## WHAT NEEDS TO BE DONE
Write out the material below again, line for line, without any images.

## MATERIAL PROVIDED
——
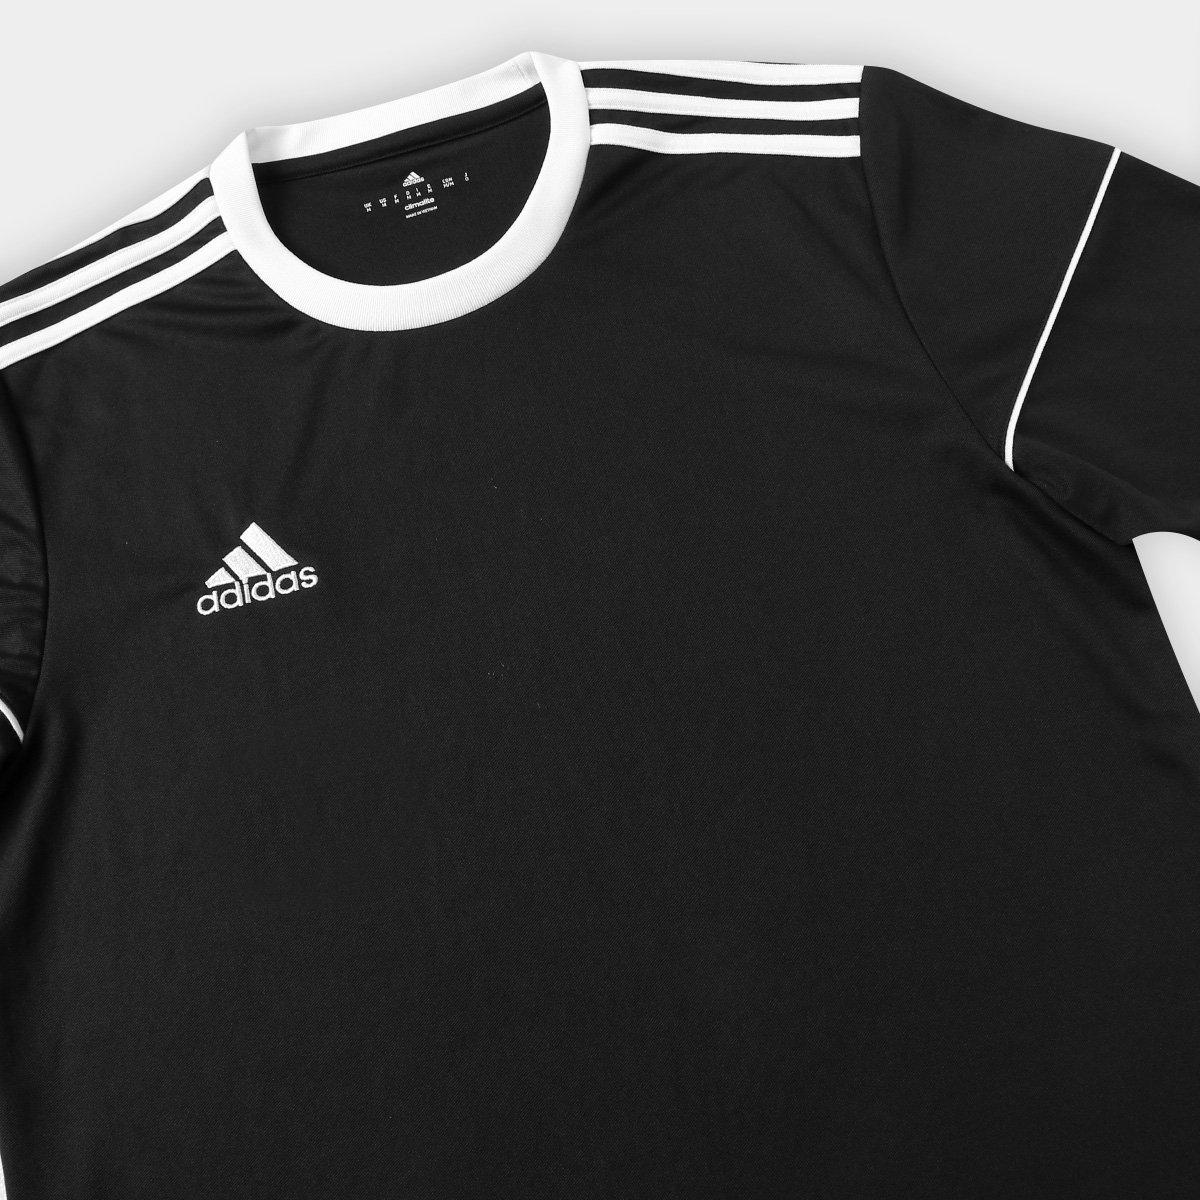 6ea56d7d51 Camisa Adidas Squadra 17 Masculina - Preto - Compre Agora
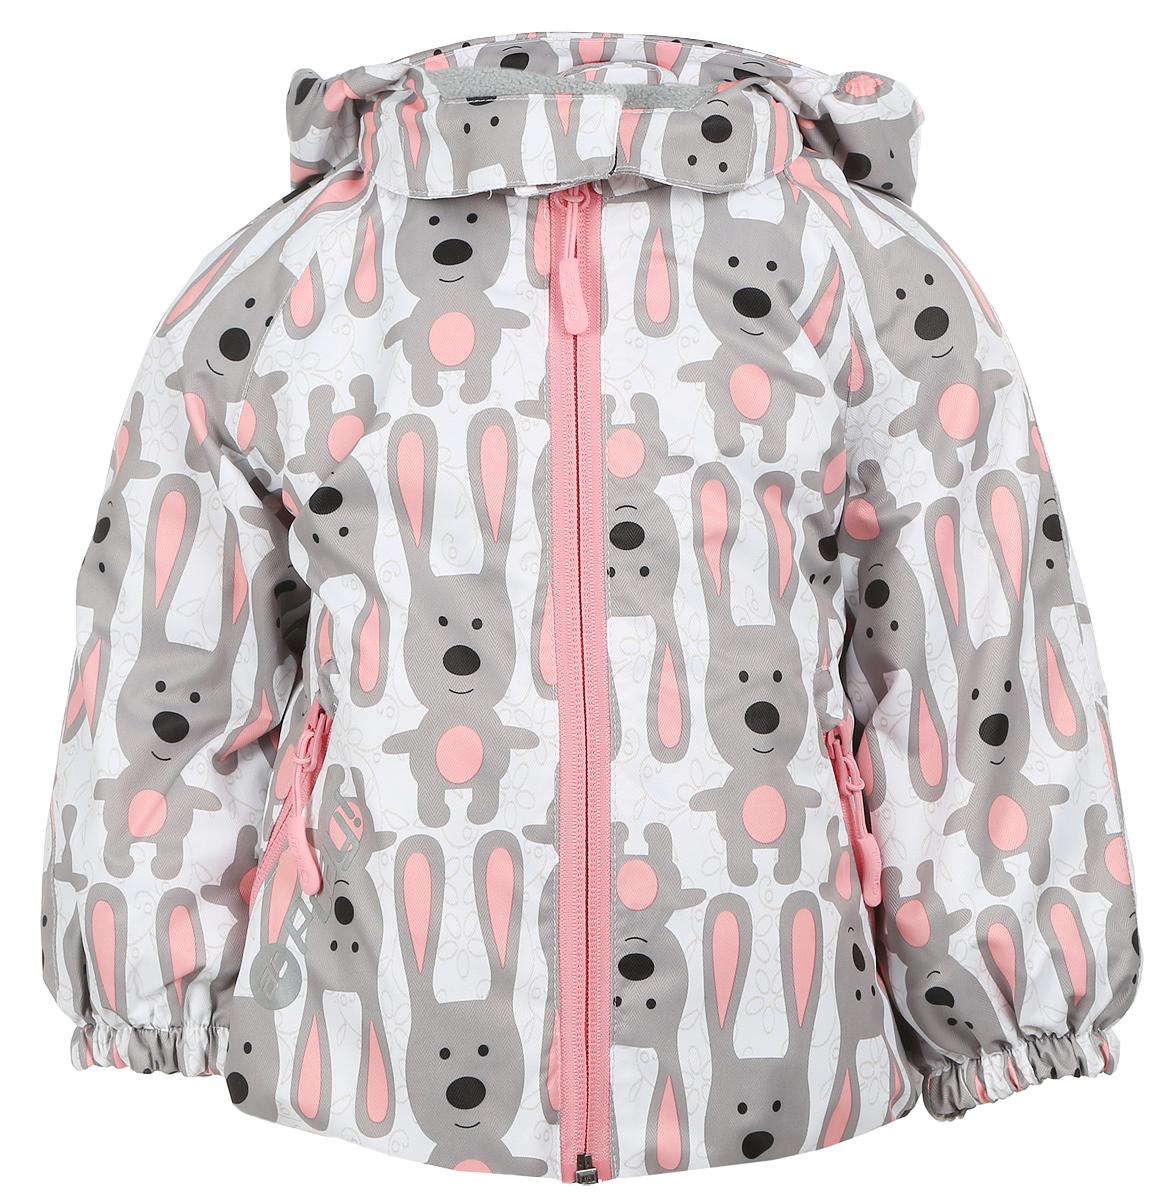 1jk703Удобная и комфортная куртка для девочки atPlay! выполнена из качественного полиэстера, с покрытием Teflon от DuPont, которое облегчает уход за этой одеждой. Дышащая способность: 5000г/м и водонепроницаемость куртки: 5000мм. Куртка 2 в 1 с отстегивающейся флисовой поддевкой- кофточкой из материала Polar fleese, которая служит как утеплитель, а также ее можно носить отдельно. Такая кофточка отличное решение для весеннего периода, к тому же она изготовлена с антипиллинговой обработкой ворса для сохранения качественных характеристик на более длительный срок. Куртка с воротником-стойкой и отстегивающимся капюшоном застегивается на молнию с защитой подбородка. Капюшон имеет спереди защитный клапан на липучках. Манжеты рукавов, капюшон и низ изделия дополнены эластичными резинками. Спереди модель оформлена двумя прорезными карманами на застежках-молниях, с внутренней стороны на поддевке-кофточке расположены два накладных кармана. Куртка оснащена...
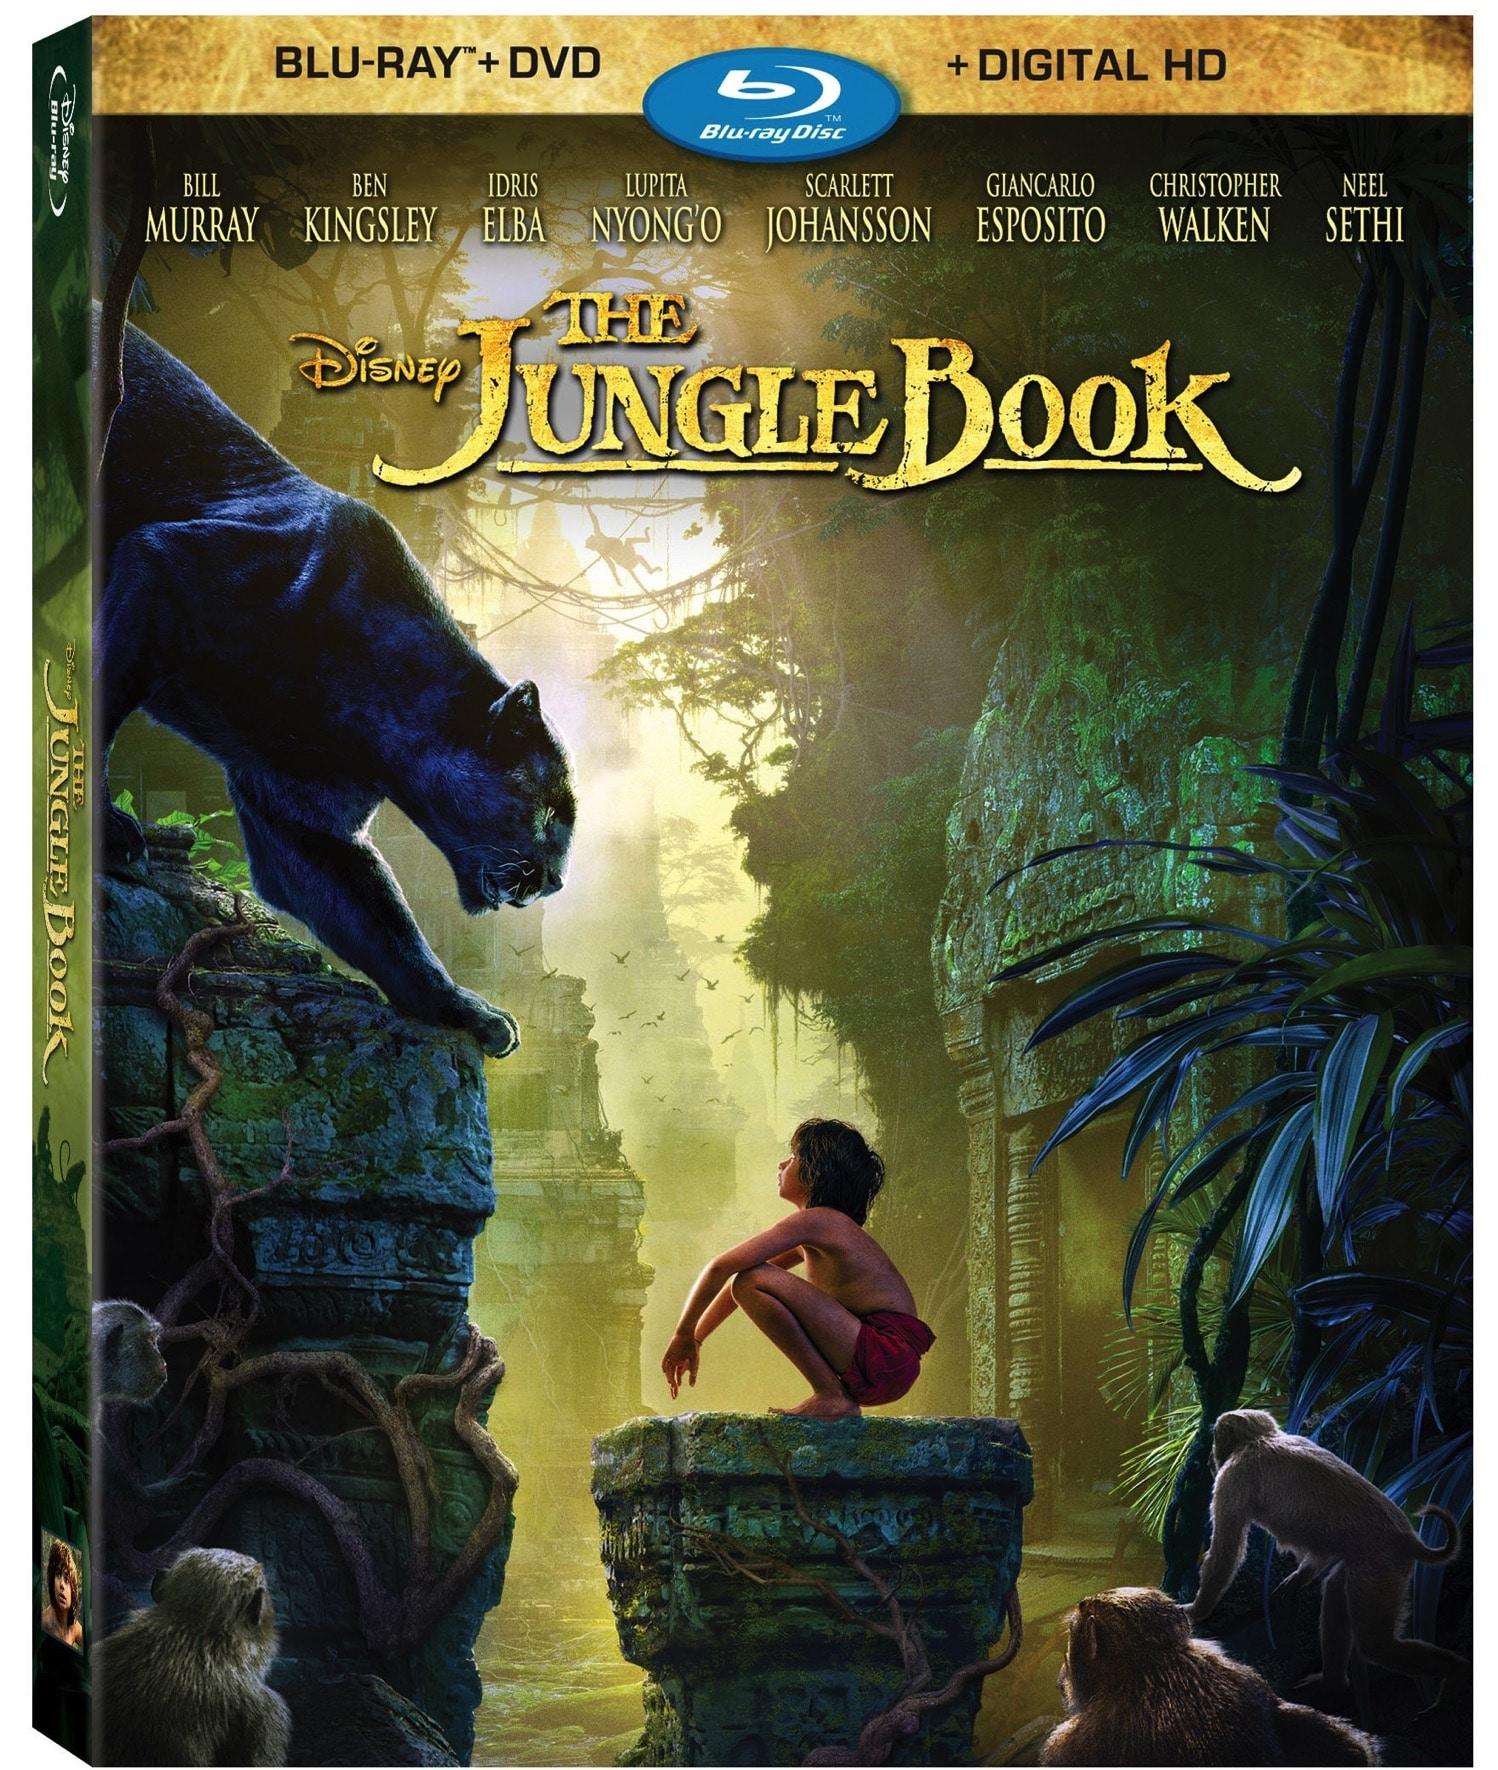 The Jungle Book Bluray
——
## WORKED SOLUTION
 6ea56d7d51 Camisa Adidas Squadra 17 Masculina - Preto - Compre Agora
 1jk703Удобная и комфортная куртка для девочки atPlay! выполнена из качественного полиэстера, с покрытием Teflon от DuPont, которое облегчает уход за этой одеждой. Дышащая способность: 5000г/м и водонепроницаемость куртки: 5000мм. Куртка 2 в 1 с отстегивающейся флисовой поддевкой- кофточкой из материала Polar fleese, которая служит как утеплитель, а также ее можно носить отдельно. Такая кофточка отличное решение для весеннего периода, к тому же она изготовлена с антипиллинговой обработкой ворса для сохранения качественных характеристик на более длительный срок. Куртка с воротником-стойкой и отстегивающимся капюшоном застегивается на молнию с защитой подбородка. Капюшон имеет спереди защитный клапан на липучках. Манжеты рукавов, капюшон и низ изделия дополнены эластичными резинками. Спереди модель оформлена двумя прорезными карманами на застежках-молниях, с внутренней стороны на поддевке-кофточке расположены два накладных кармана. Куртка оснащена...
 The Jungle Book Bluray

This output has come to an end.